Elke de Rijcke (c) Elke de Rijcke
Elke de Rijcke (c) Elke de Rijcke


Il existe des livres qui se donnent d'emblée et d'autres qui semblent se transformer à chaque nouvelle lecture. Paradisiaca. Un Lac-Opéra appartient à cette seconde catégorie. À chaque retour au récit, une nouvelle image surgit, une vocalité se glisse, une autre strate de sens (du sensible) apparaît, comme si l'œuvre elle-même demeurait ouverte. Le livre d'Elke de Rijcke compose une expérience de lecture-écoute, où le lac de Constance devient le milieu d'une polyphonie en devenir. Peuplé de formes de vie et de voix humaines et non humaines, paysagères, historiques ou encore conceptuelles, Paradisiaca se présente comme un environnement vivant en perpétuelle transformation.

 


Des instances « translyriques » 


La question des voix apparaît comme l'un des principes structurants et formels du récit. Écrire la voix, c'est la penser, et penser la voix, c'est la faire être. La quarantaine d’instances d’énonciation qui traversent le texte compose une galerie de figures coexistant et s’affectant mutuellement, révélant des manières singulières d’habiter le lac. 
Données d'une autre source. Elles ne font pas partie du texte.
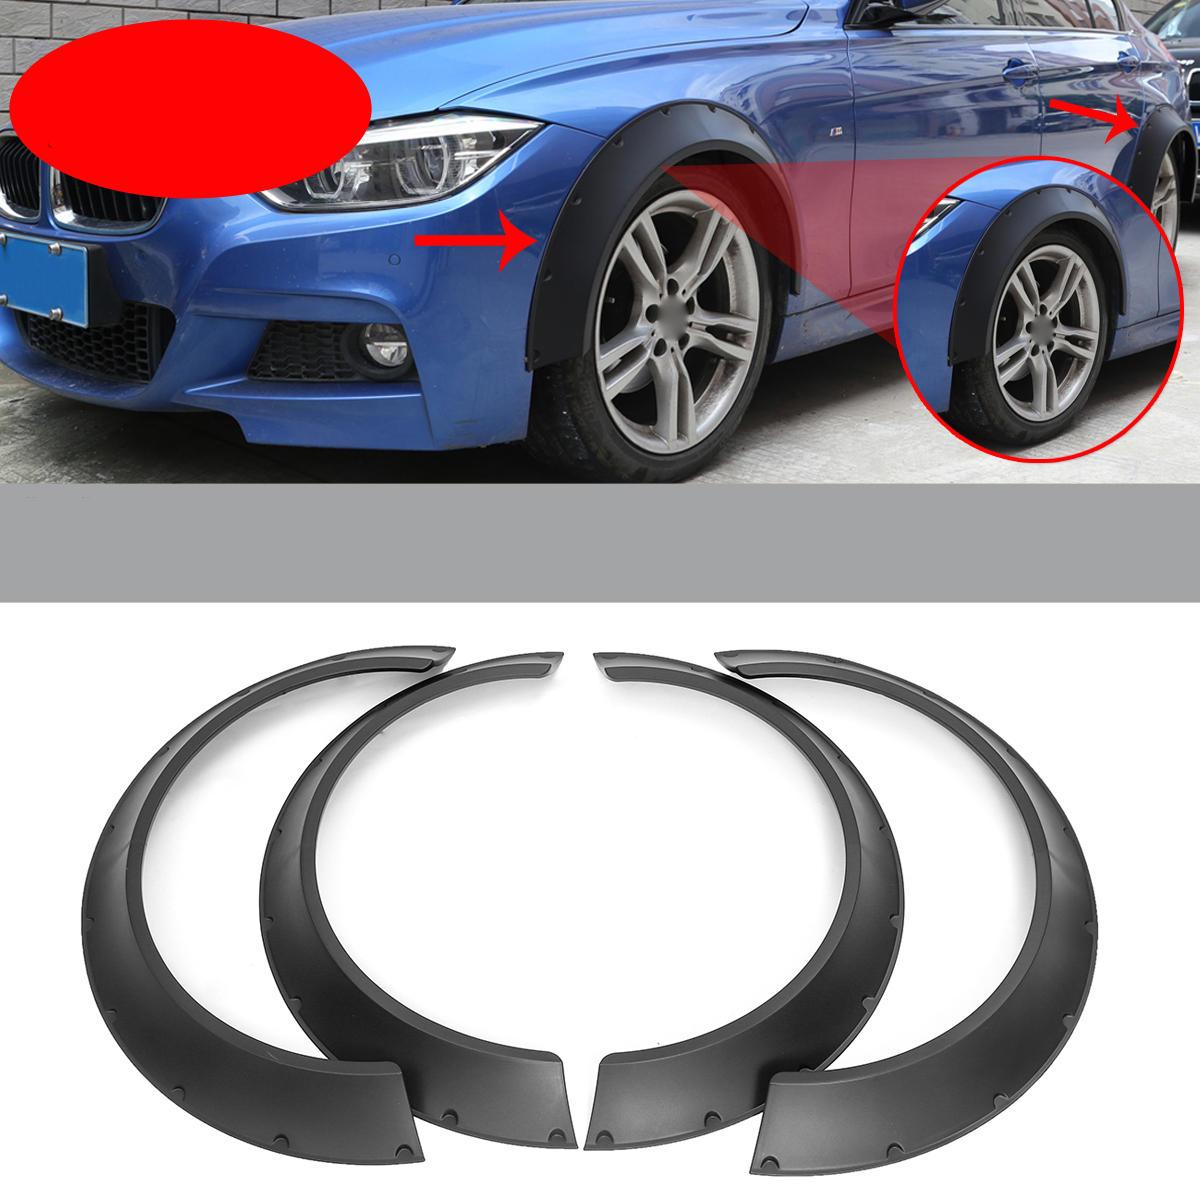 Car Body Kits >> Universal Car Fender Flares 4 Piece Flexible Durable Polyurethane Body Kits Extra Wide Body Wheel Arches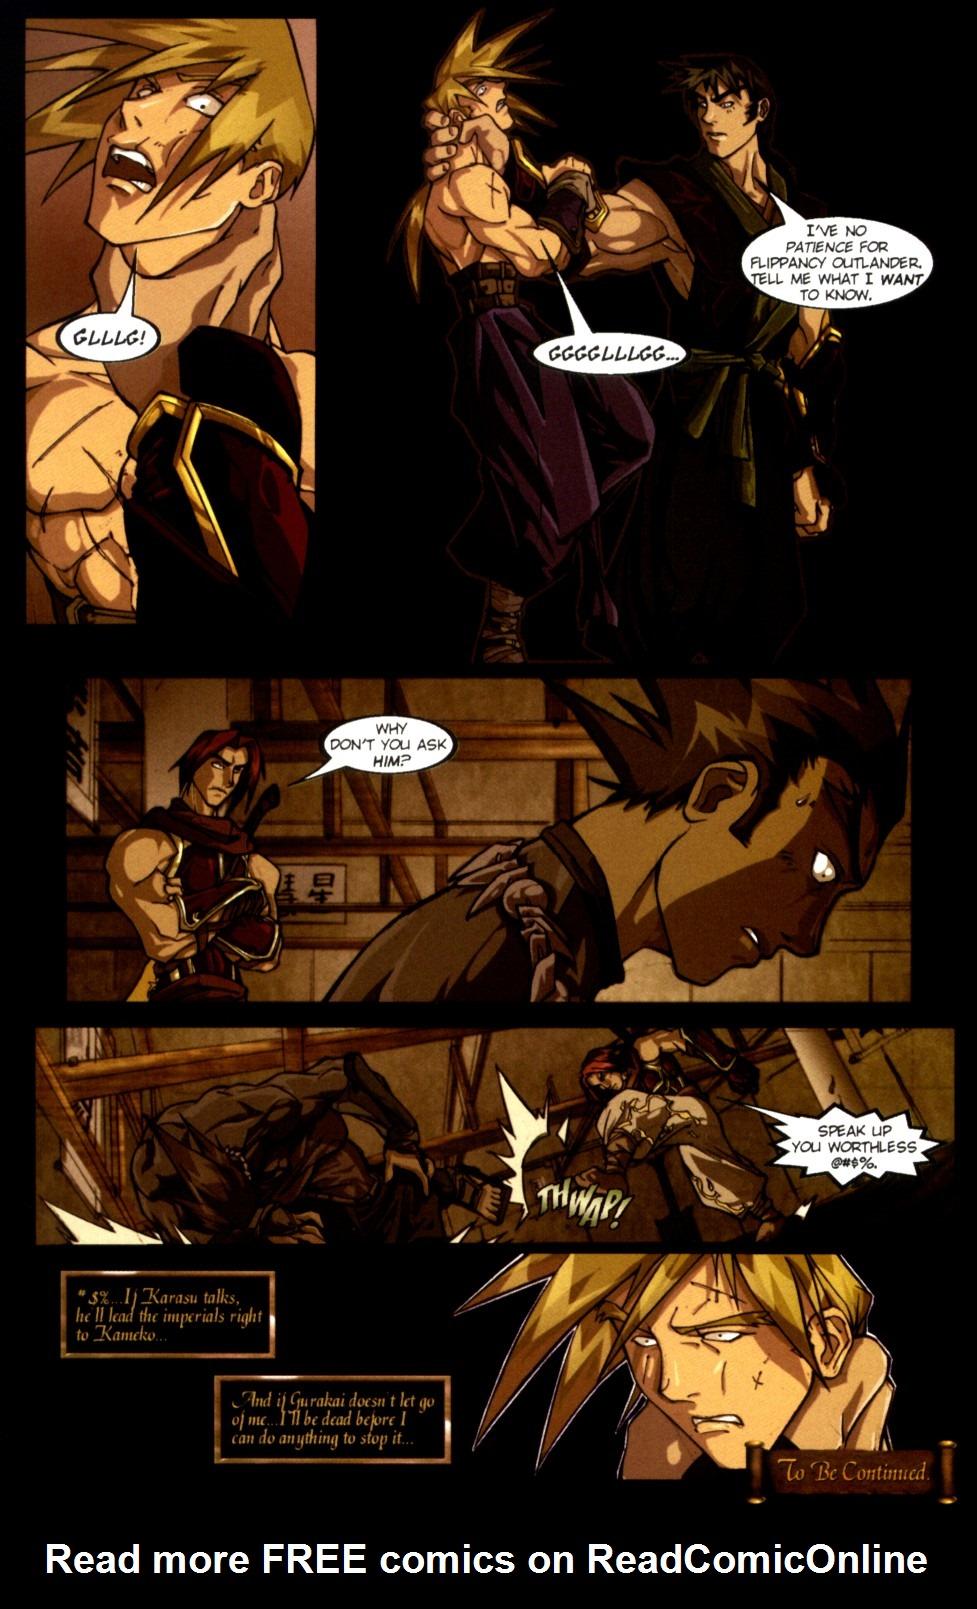 Read online Shidima comic -  Issue #3 - 23

L'originalité de cette polyphonie tient au fait qu'aucune de ces présences n'occupe une position centrale qui ordonnerait les perceptions. L'expérience et la connaissance du lac se construit au contraire de manière située et relationnelle : elle passe par la marche, le désir, la mémoire, les transformations de la matière et les imbrications entre agents humains et non humains.

L'organisation chorale, ou l'écologie du vivre « avec », qui donne forme à ce récit fait émerger une connaissance sensible où la multiplicité n'est jamais synonyme de dispersion. Au contraire, elle compose un tissu de relations mouvantes à travers lequel le lac apparaît comme une entité irréductiblement plurielle. C'est pourquoi, dans Paradisiaca, la voix poétique ne renvoie jamais à l'expression d'un « je » stable ou unifié. Elle circule entre les êtres, les choses et les intensités. Ce mouvement donne naissance à ce que l'on pourrait nommer des instances « translyriques ». La subjectivité n'y apparaît plus comme une intériorité fermée ou expression d'unicité, mais comme un phénomène relationnel. 

Cette dynamique se retrouve également dans la matérialité même du texte. Les mots s’y présentent comme des événements, des intensités, des passages. Les vocalités qui traversent l'œuvre relèvent moins du langage que d'une vibration commune, une pensée qui se construit dans la cohabitation et la coexistence des singularités. Lire Paradisiaca, c'est ainsi entrer dans un régime de lecture (et d'écoute), qui cherche à faire émerger une communauté où humains et non-humains participent d'un même tissu relationnel. 

 


Une écologie des milieux et du vivant


Le lac de Constance n'est jamais réduit à un décor. Il se présente comme un milieu à la fois matériel, social, sensoriel, environnemental et mental.

Cette dimension ne prend pourtant jamais la forme d'un discours militant ou démonstratif. L'écriture privilégie une attention aux circulations et aux intra-actions. Comme résultat, ce qui « parle » ici, ce sont les vibrations, les rythmes, les matières et les relations. À travers cette attention aux milieux, Paradisiaca invite également à vivre ce que certaines pensées contemporaines du vivant désignent comme transcorporéité : les corps ne constituent pas des entités autonomes et closes, mais sont constamment traversés, affectés et constitués par leurs imbrications avec les milieux matériels, symboliques, biologiques et environnementaux.

 


Un continuum


Paradisiaca ne cherche jamais à stabiliser le monde qu'il décrit. Au contraire, le réel y apparaît comme fondamentalement instable et traversé d'événements. Chaque expérience demeure partielle, située, toujours susceptible d'être déplacée par une nouvelle perception. 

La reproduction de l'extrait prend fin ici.